Everything I knew about Lizzie Borden I had learned either from the whacky jingle (“Lizzie Borden took an axe…”) or the Agnes DeMille  balletbut now that I’ve been to Imaginary Beasts’ THE FALL RIVER AXE MURDERS (@ BCA through Oct. 22nd), I know Lizzie’s (extremely sympathetic) side of the story. British novelist Angela Carter’s luminous short stories have served as the jumping off point for other Imaginary Beasts productions. Like her Vampire stories were, this one proves to be the perfect armature for the Beasts’ imaginative brand of theatrics.

The Beasts, under Matthew Woods’ dexterous direction, often duplicate roles in a story, exchange roles with puppets or integrate narration and repetition into the action of a piece… all of which amplifies the material and causes it to resonate in the brain. Their spoken and gestural language marries dance, song, sound and ritual to metaphor, working in a way that is unique only to them. If you haven’t experienced an IB production, you’re missing what theater can become, beyond the traditional form.

Carter’s sumptuous storytelling illuminates the facts in glorious detail like the monks illuminated ancient manuscripts with color and filigree. Her vivid descriptions cut through mere words like a knife. Take the self-righteous “gentlemen” of the era who “garrote[d] themselves with neckties” equating virtue with discomfort; Her Lizzie is a prisoner of a time when women, even women of privilege, “belonged” to men, as possessions to be displayed and controlled, corseted and blanketed in layers of clothing to cover and keep their bodies hidden, one presumes from other men.

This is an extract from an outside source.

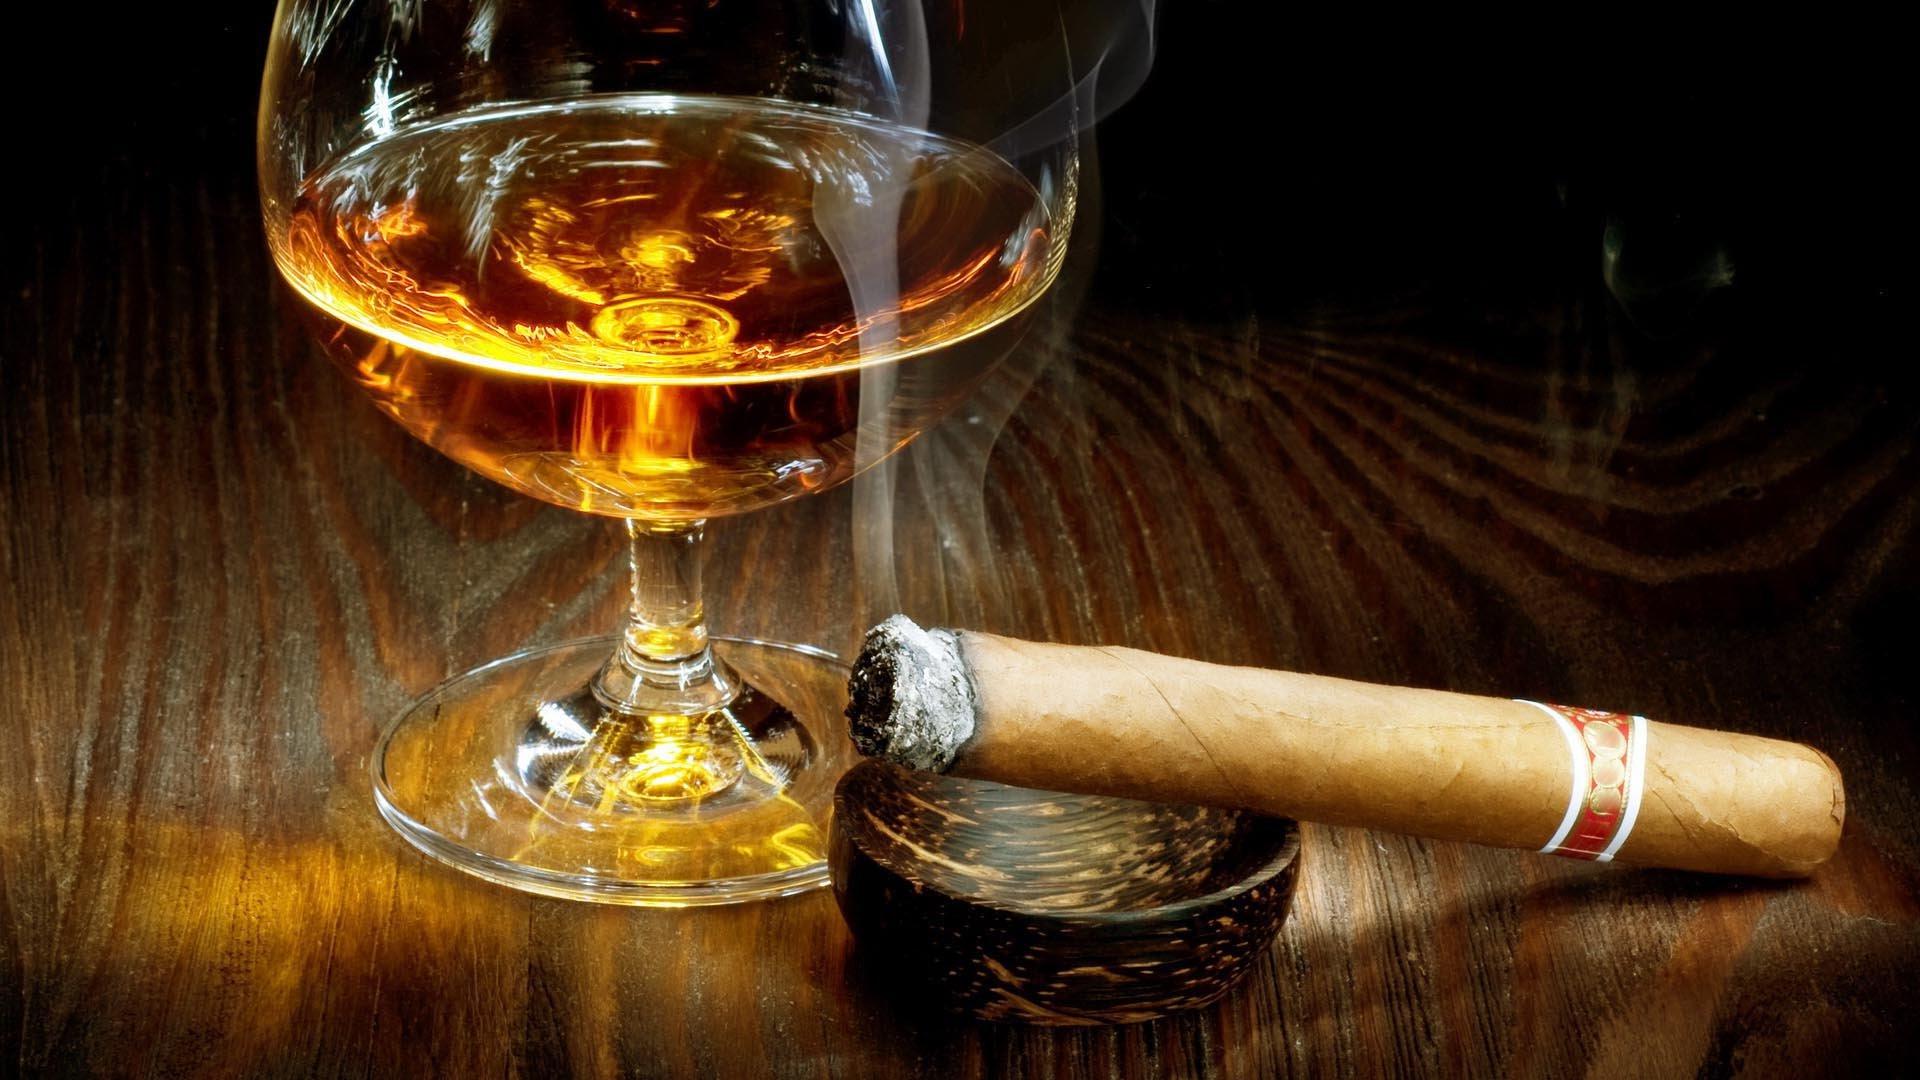 tobacco bokeh smoke smoking cigar drink alcohol drinks glass wallpaper 1920x1080

The scene is set for murder: A humid, “combustible day” in August, a father who cruelly deprived his daughter of her beloved birds, a stepmother who could never replace Lizzie’s own, and the deep, soul numbing realization that she could never escape her life. The performers unwind the thread of fate, tangling it about her, sending her downward on the thinnest of tightropes, surrounding her ears with the relentless, buzzing wings of a fly… despairing and depriving her of hope, perhaps even of sanity.

Six remarkable women people the play as the many Lizzie multiples/narrators, as Victorian ladies, ghosts, flies, father, servants, stepmother, even death. They work so seamlessly that when they switch a role, it’s impeccably designated, always expertly defined. Kamelia Aly is the portrait keeper; Catherine Luciani is the Victorian companion; Kaitee Tredway is the Master Puppeteer (although they all manipulate the various puppets); Melissa Barker is the voice of Mrs. Russell; Joy Campbell is the fly; Cari Keebaugh is the voice of Lizzie. Most importantly, even as they share the role of Lizzie, they emote as one.

Cotton Talbot-Minkin’s stark, exaggerated costumes evoke stifling emotionality, as does Christopher Bocchiaro’s shadowy lighting and Sam Beebe’s eerie sound design. Woods, Beth Owens and Jill Rogati share puppet design with Luciani, Treadway and Sarah Gazdowicz in the puppet shadow play. What sets IB apart is the ensemble work which is so integrated in the DNA of the piece that separating out the individual components seems a disservice to their creativity. Suffice it to say, you will not find better ensemble performance anywhere.